*** Opening PROVIDED DATA ***

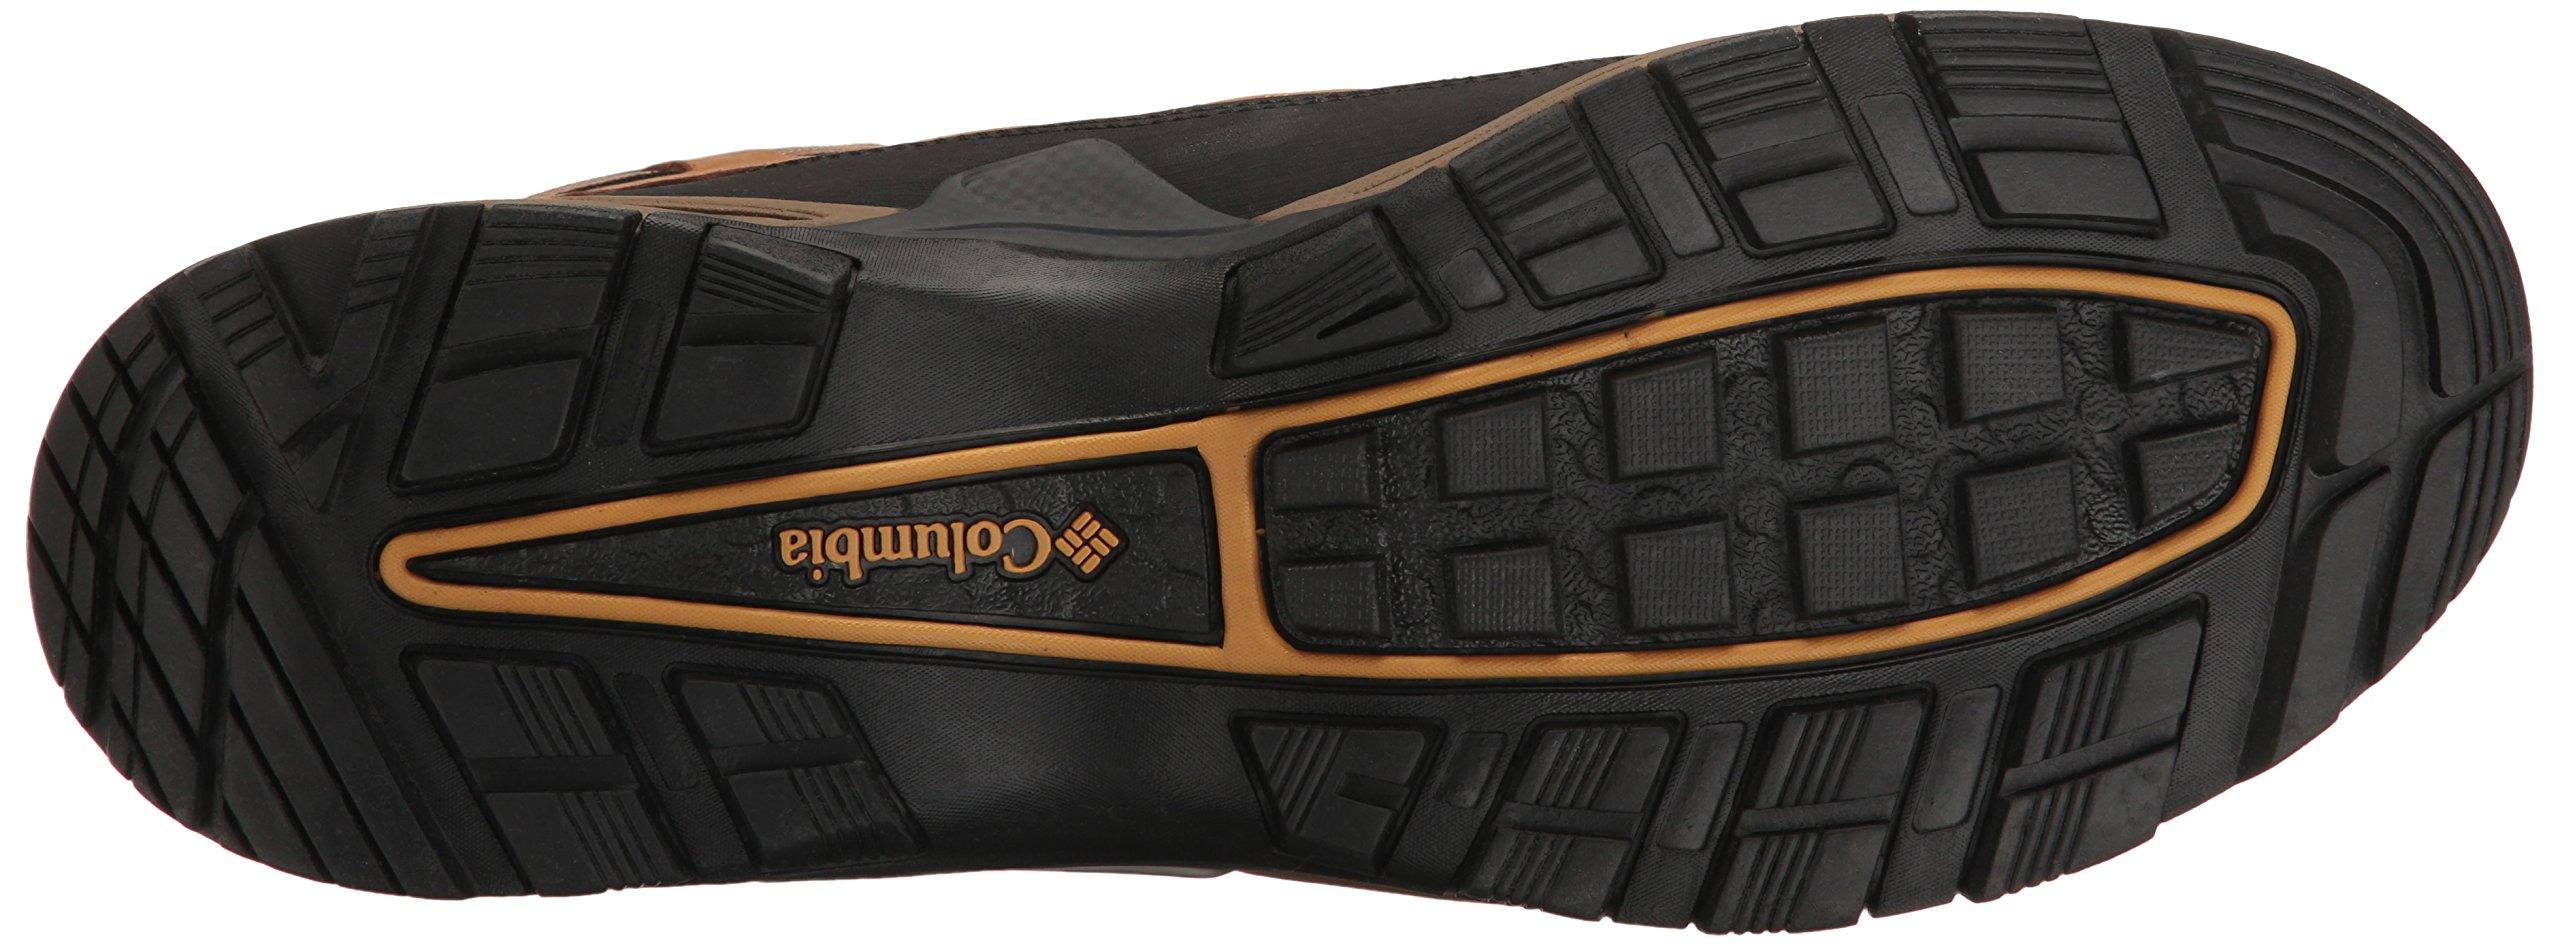 15a5fdce32d Columbia Mens Smith Rock Outdry Hiking Shoe Hawk Dark Banana 9.5 D US
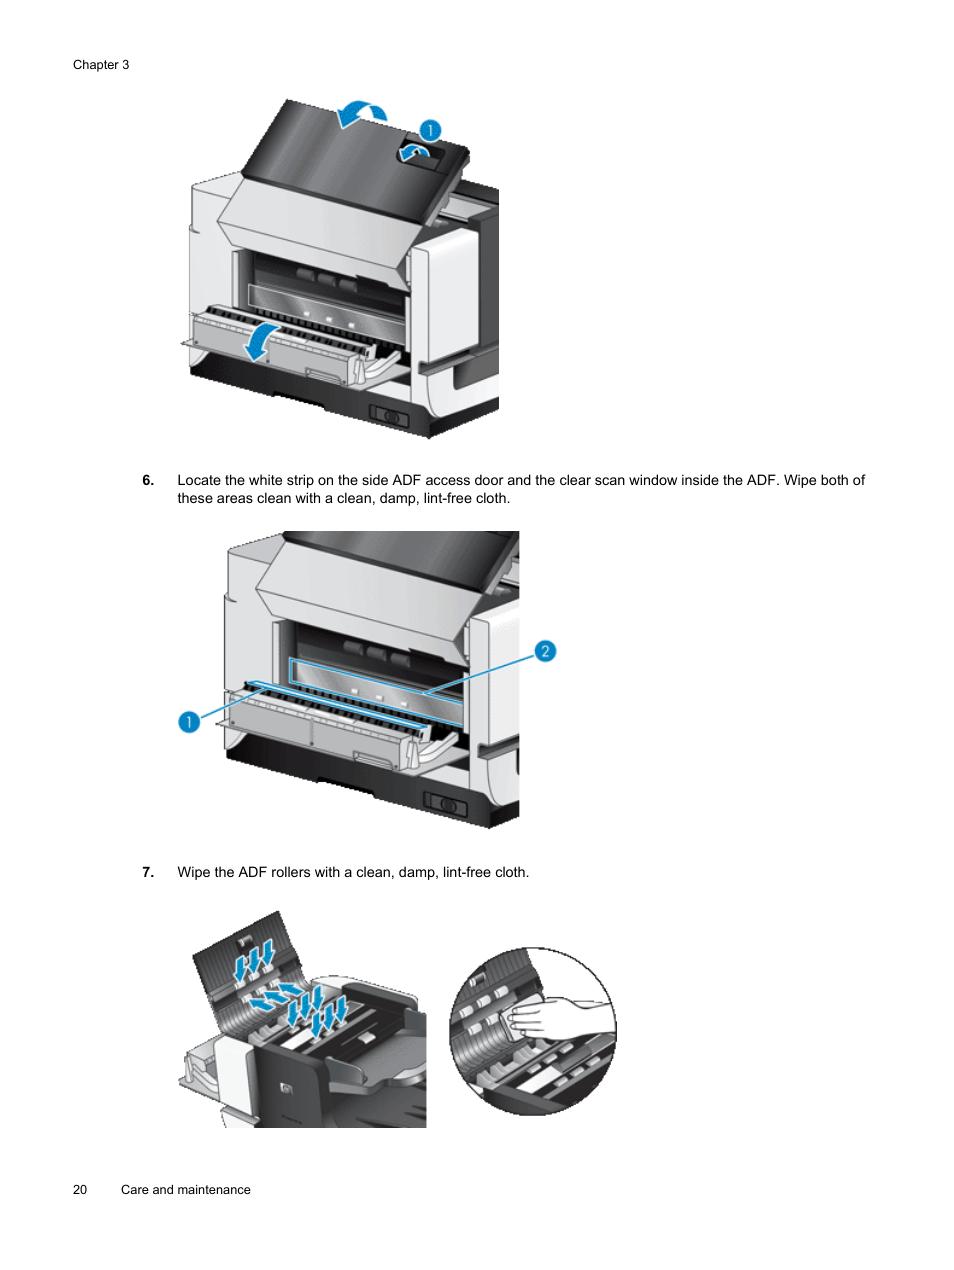 hp n9120 manual product user guide instruction u2022 rh testdpc co HP Scanjet N9120 Specs HP Scanjet N9120 Specifications
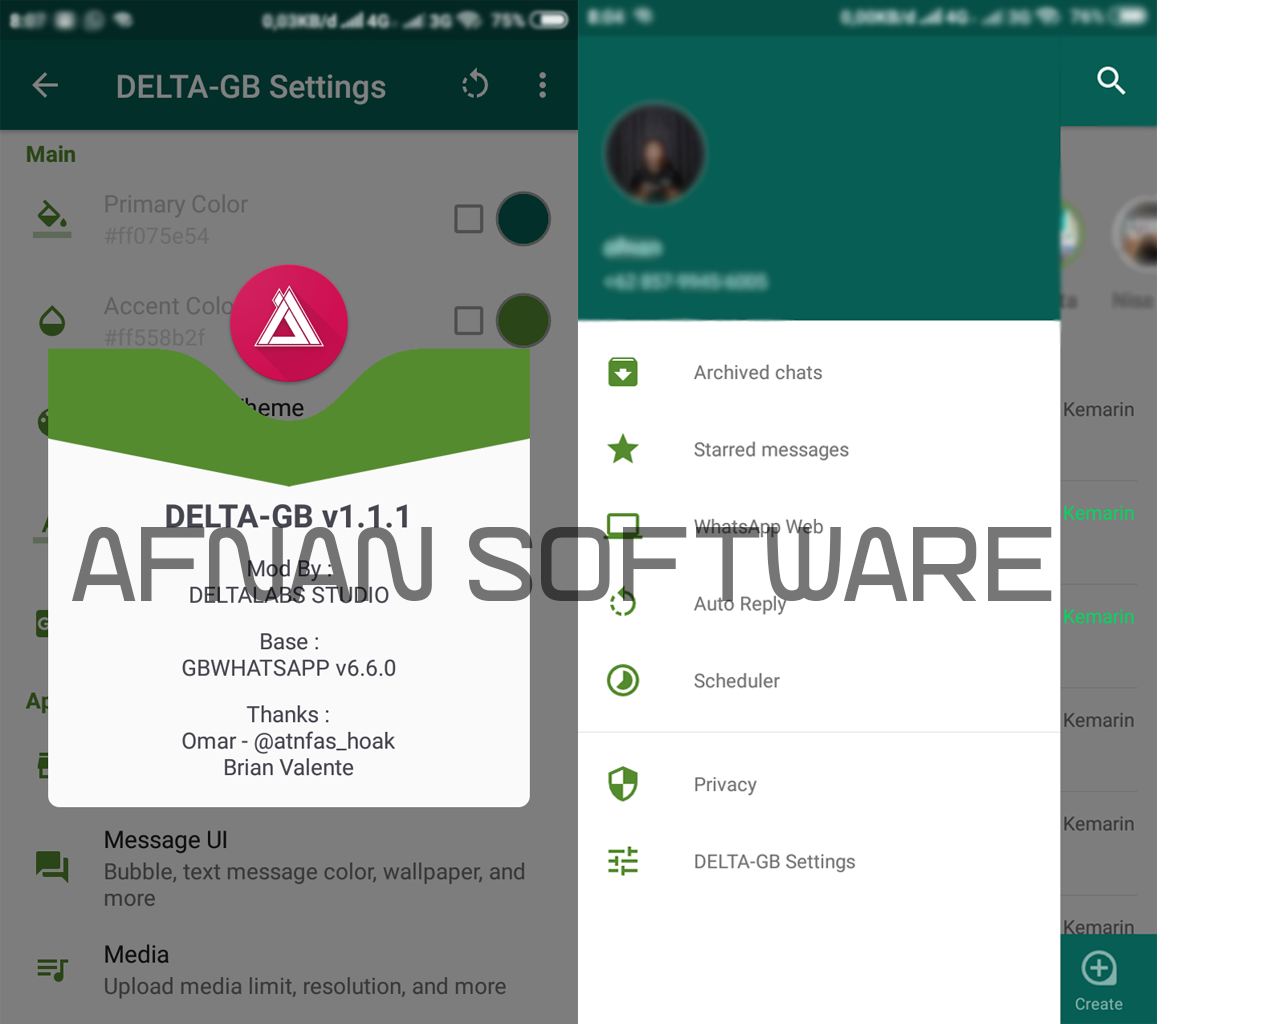 GB Whatsapp Delta MOD APK Versi 1 1 1 Terbaru 2019
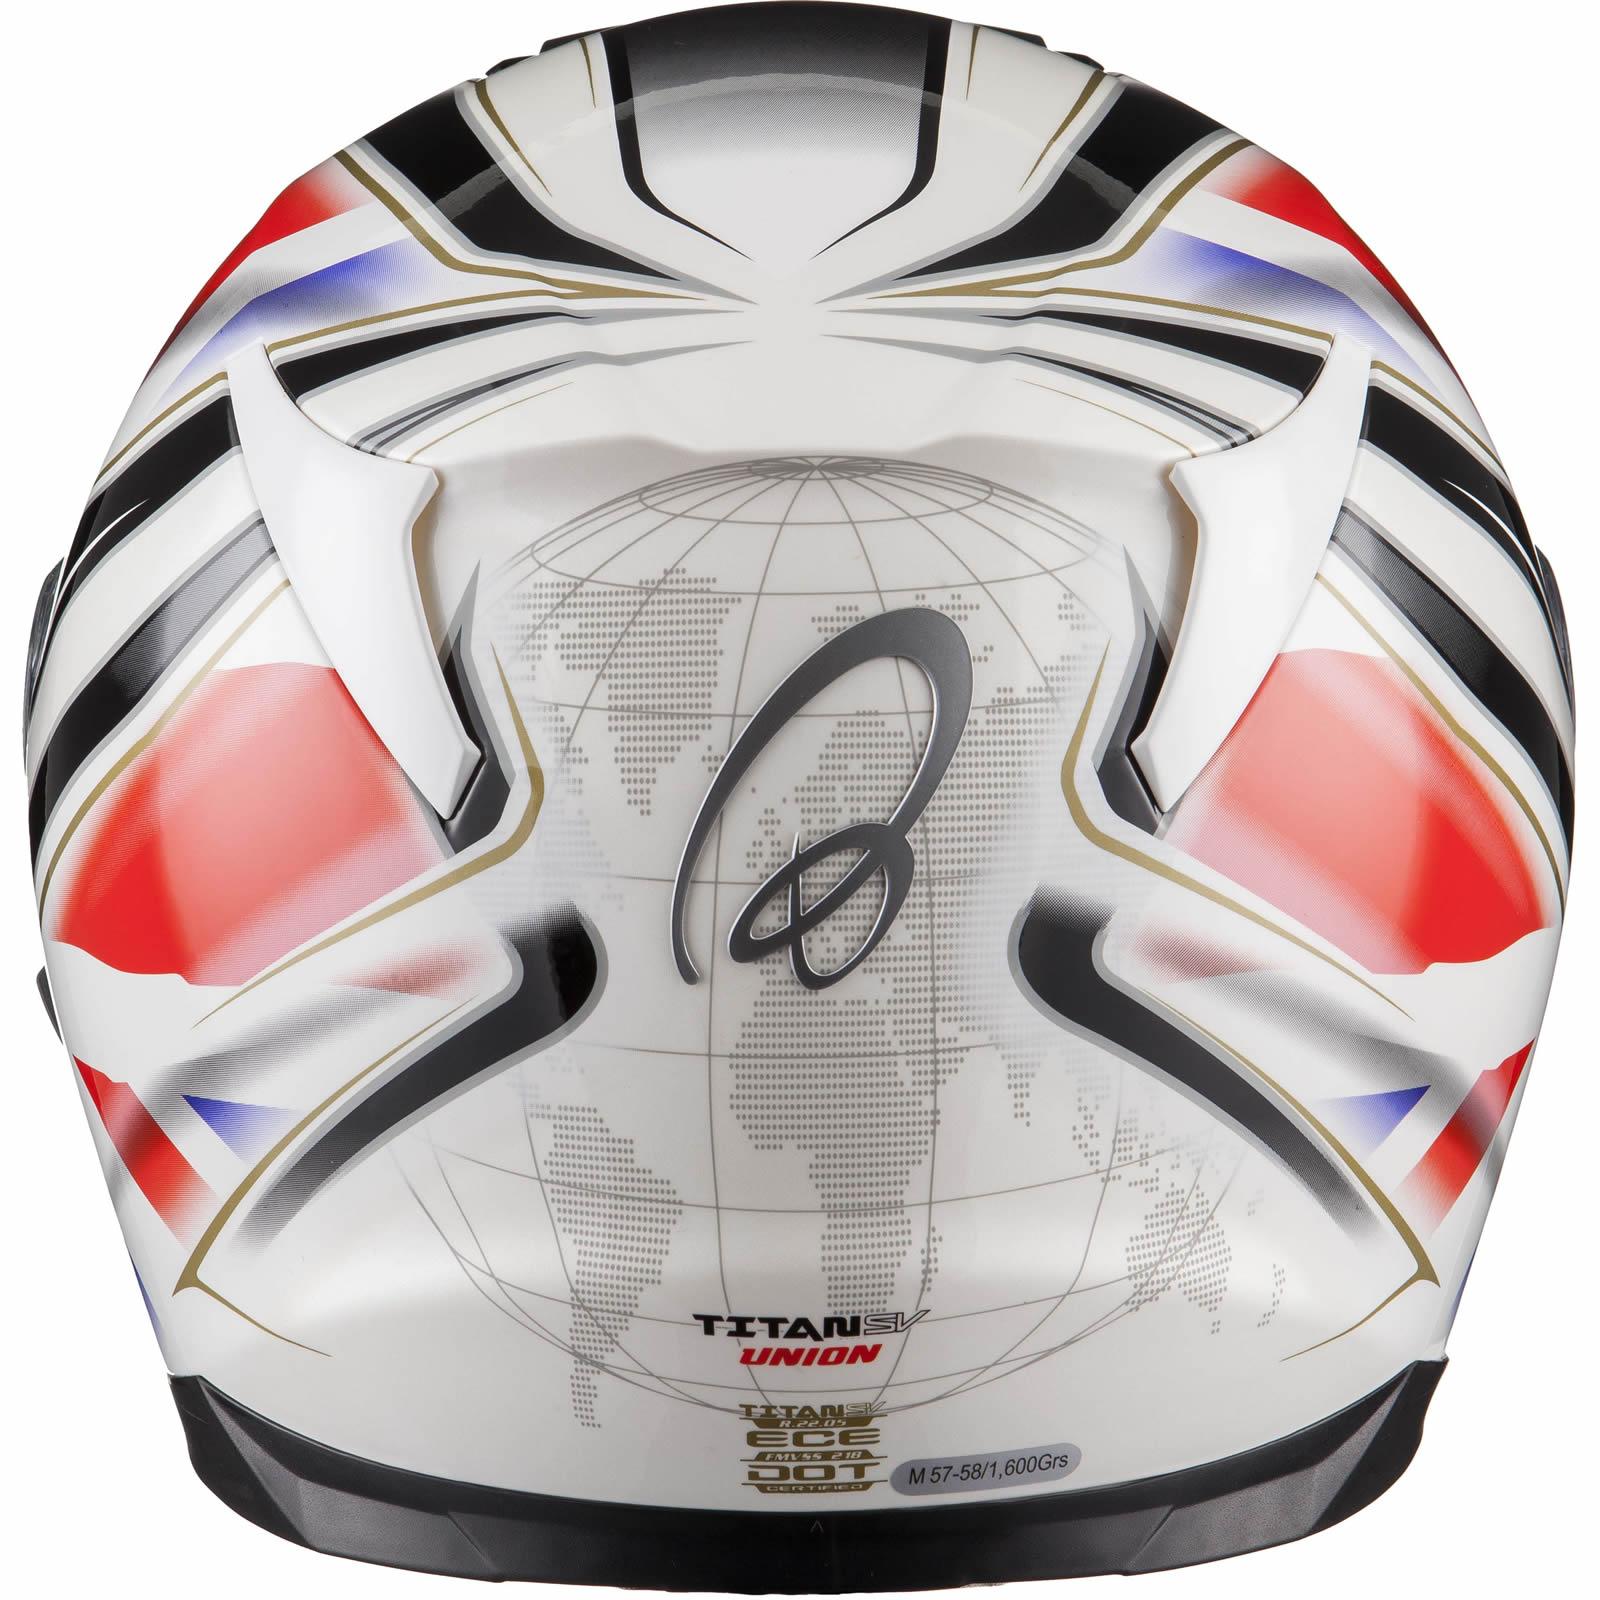 Titan Sv Union Motorcycle Helmet

*** Closing PROVIDED DATA ***

WORK REQUEST:
Leave the pictures out. Otherwise, output the listing above exactly.

REPLY TO THE EXERCISE:
 15a5fdce32d Columbia Mens Smith Rock Outdry Hiking Shoe Hawk Dark Banana 9.5 D US
 hp n9120 manual product user guide instruction u2022 rh testdpc co HP Scanjet N9120 Specs HP Scanjet N9120 Specifications
 GB Whatsapp Delta MOD APK Versi 1 1 1 Terbaru 2019
 Titan Sv Union Motorcycle Helmet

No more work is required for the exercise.